Abstract

Context. Atmospheric magnetic fields in stars with convective envelopes heat stellar chromospheres, and thus increase the observed flux in the Ca ii H and K doublet. Starting with the historical Mount Wilson monitoring program, these two spectral lines have been widely used to trace stellar magnetic activity, and as a proxy for rotation period ( P rot ) and consequently for stellar age. Monitoring stellar activity has also become essential in filtering out false-positives due to magnetic activity in extra-solar planet surveys. The Ca ii emission is traditionally quantified through the R' HK -index, which compares the chromospheric flux in the doublet to the overall bolometric flux of the star. Much work has been done to characterize this index for FGK-dwarfs, but M dwarfs – the most numerous stars of the Galaxy – were left out of these analyses and no calibration of their Ca ii H and K emission to an R' HK exists to date. Aims. We set out to characterize the magnetic activity of the low- and very-low-mass stars by providing a calibration of the R' HK -index that extends to the realm of M dwarfs, and by evaluating the relationship between R' HK and the rotation period. Methods. We calibrated the bolometric and photospheric factors for M dwarfs to properly transform the S -index (which compares the flux in the Ca ii H and K lines to a close spectral continuum) into the R' HK . We monitored magnetic activity through the Ca ii H and K emission lines in the HARPS M dwarf sample.
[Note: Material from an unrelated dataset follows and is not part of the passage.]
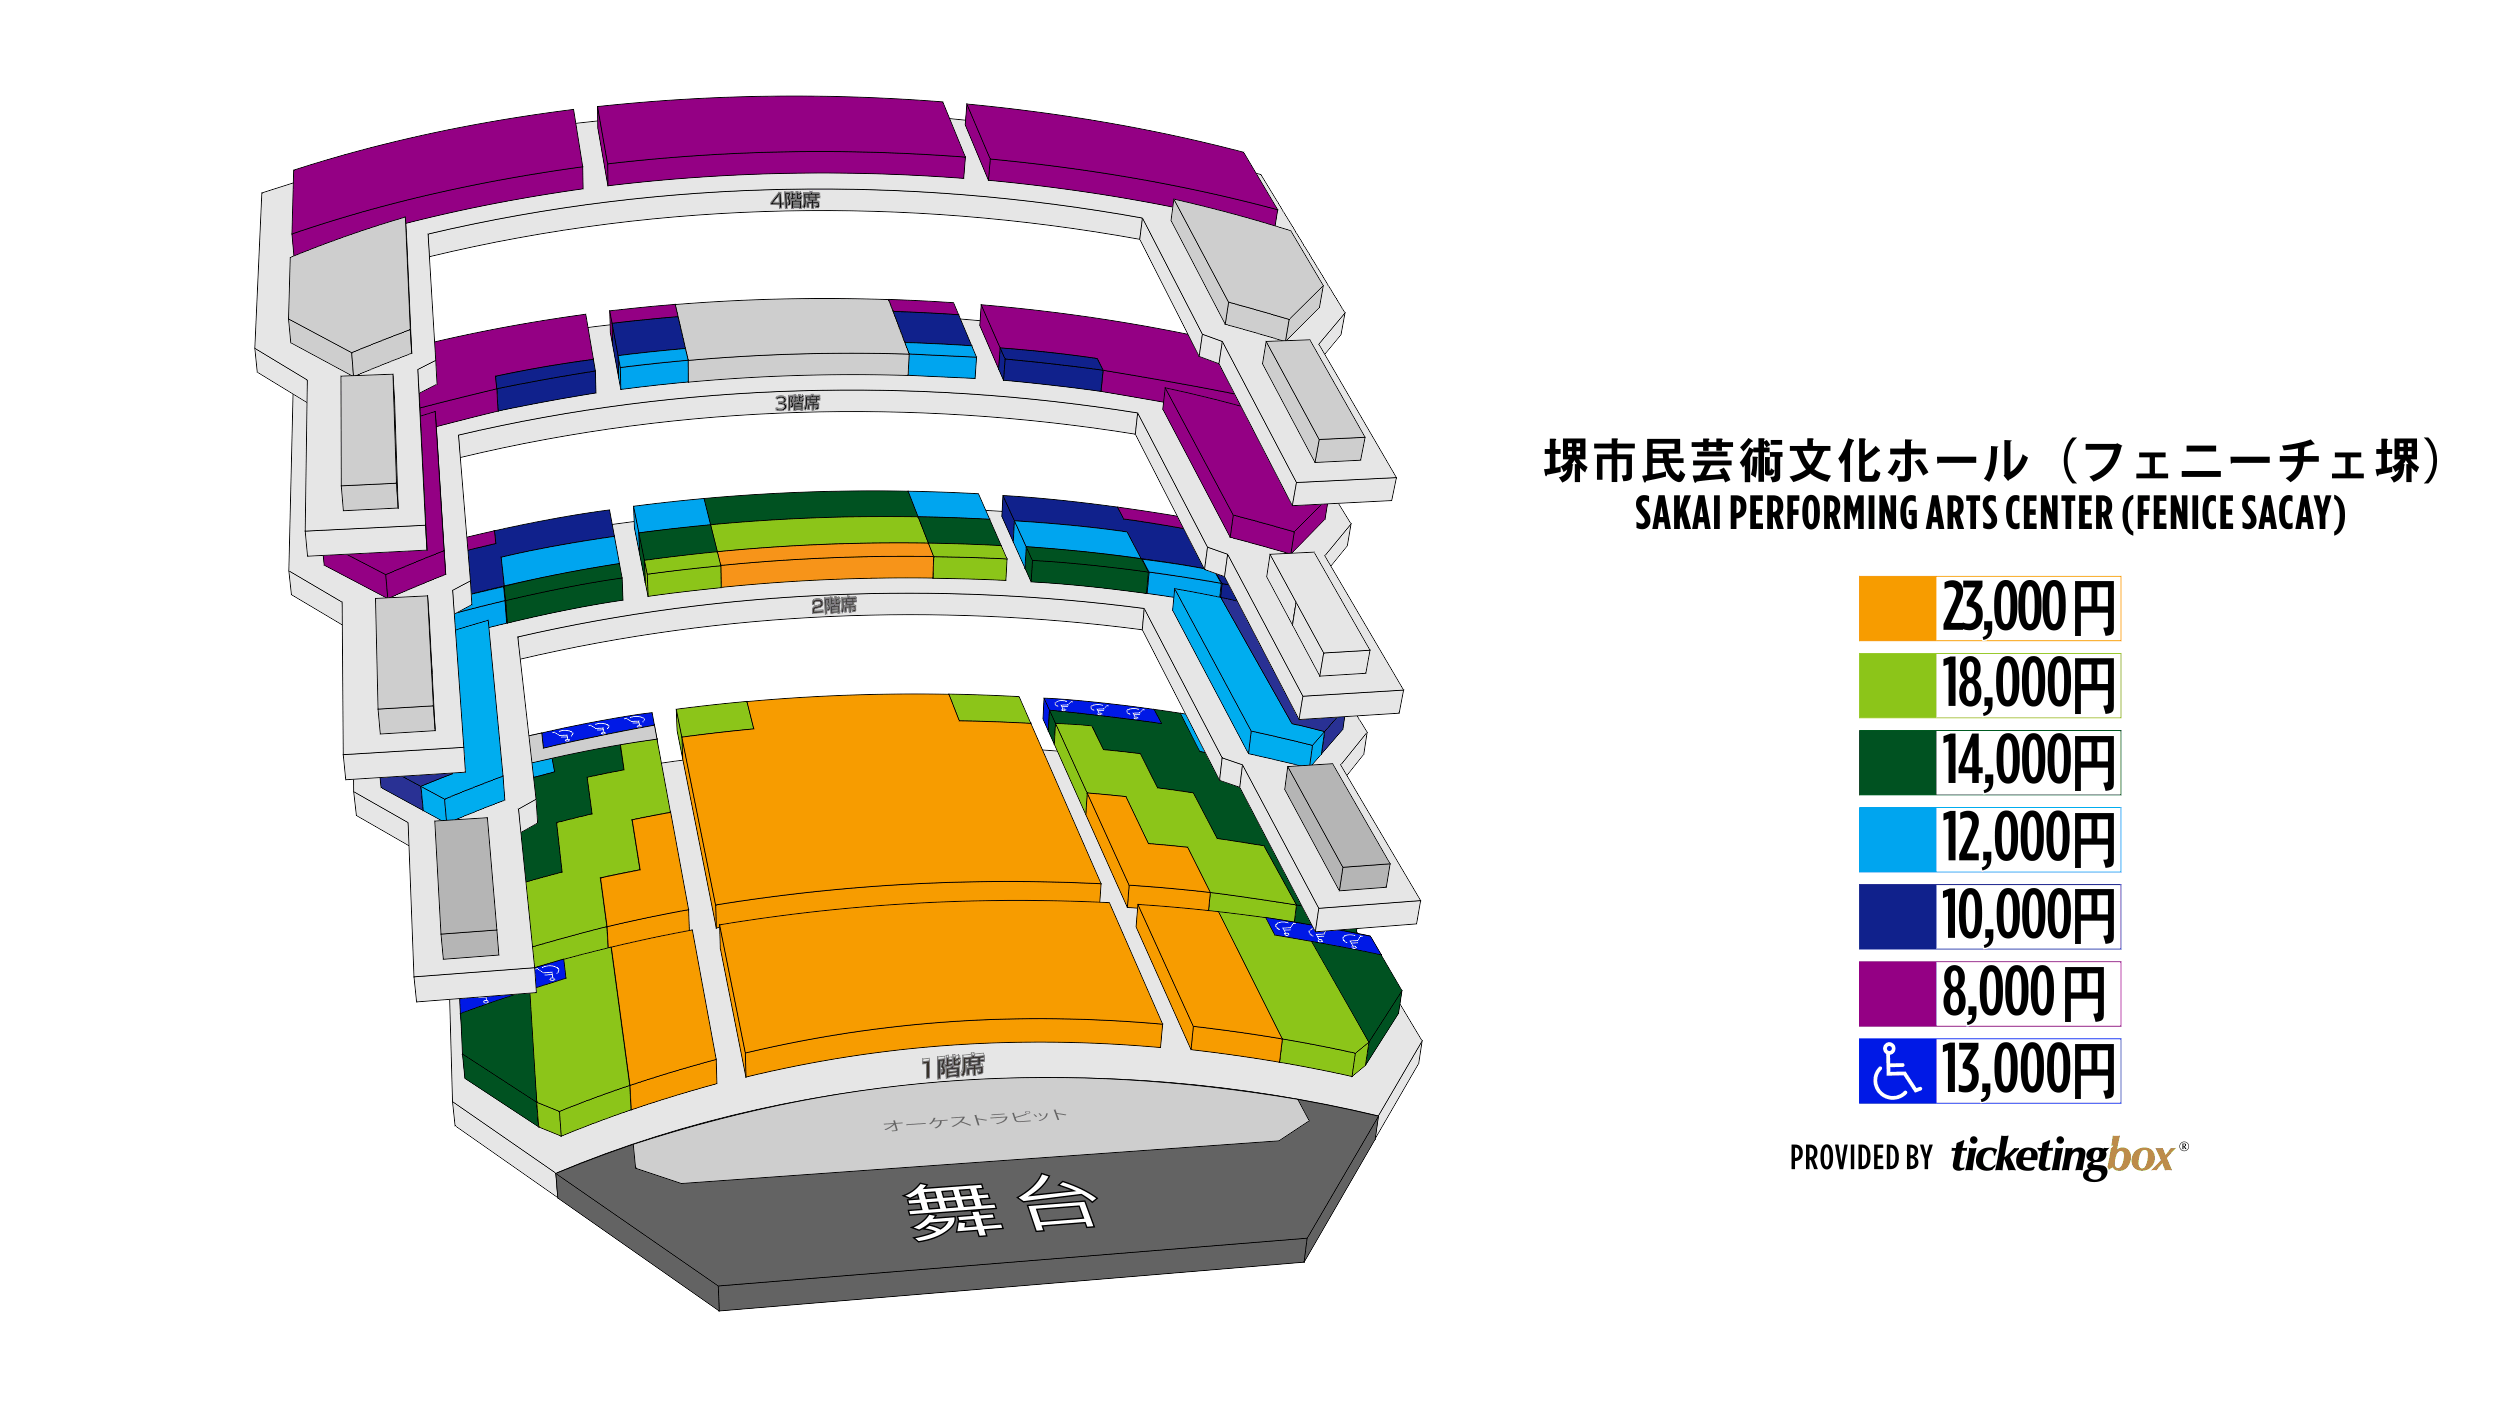 seating chart image

Results. The R' HK index, like the fractional X-ray luminosity L X / L bol , shows a saturated correlation with rotation, with saturation setting in around a ten days rotation period. Above that period, slower rotators show weaker Ca ii activity, as expected. Under that period, the R' HK index saturates to approximately 10 -4 . Stellar mass modulates the Ca ii activity, with R' HK showing a constant basal activity above 0.6 M ⊙ and then decreasing with mass between 0.6 M ⊙ and the fully-convective limit of 0.35 M ⊙ . Short-term variability of the activity correlates with its mean level and stars with higher R' HK indexes show larger R' HK variability, as previously observed for earlier spectral types.